Start of Excerpted records

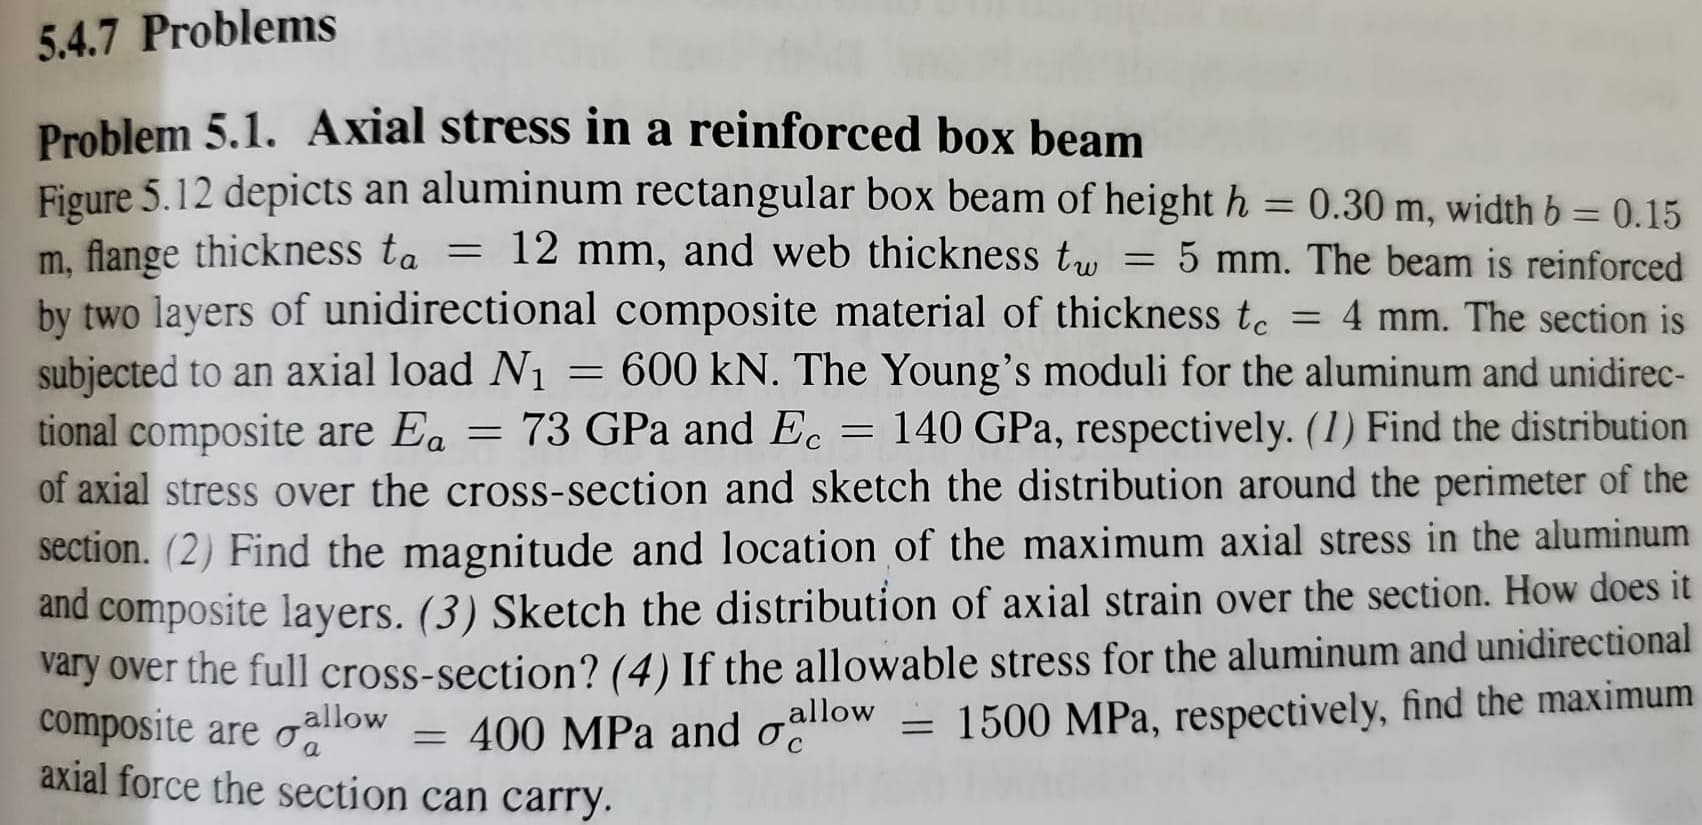 5.4.7 Problems
Problem 5.1. Axial stress in a reinforced box beam
Figure 5.12 depicts an aluminum rectangular box beam of height h = 0.30 m, width b = 0.15
%3D
m, flange thickness ta
by two layers of unidirectional composite material of thickness to
subjected to an axial load N1
tional composite are Ea = 73 GPa and Ec
of axial stress over the cross-section and sketch the distribution around the perimeter of the
section. (2) Find the magnitude and location of the maximum axial stress in the aluminum
and composite layers. (3) Sketch the distribution of axial strain over the section. How does it
vary over the full cross-section? (4) If the allowable stress for the aluminum and unidirectional
composite are
axial force the section can carry.
= 12 mm, and web thickness tu
5 mm. The beam is reinforced
= 4 mm. The section is
= 600 kN. The Young's moduli for the aluminum and unidirec-
140 GPa, respectively. (1) Find the distribution
allow
allow
= 1500 MPa, respectively, find the maximum
= 400 MPa and o

End of Excerpted records

Repeat, exactly as they stand, the line that contains "web thickness tu" and all the lines after it in the data above.

Result for this task ▸
= 12 mm, and web thickness tu
5 mm. The beam is reinforced
= 4 mm. The section is
= 600 kN. The Young's moduli for the aluminum and unidirec-
140 GPa, respectively. (1) Find the distribution
allow
allow
= 1500 MPa, respectively, find the maximum
= 400 MPa and o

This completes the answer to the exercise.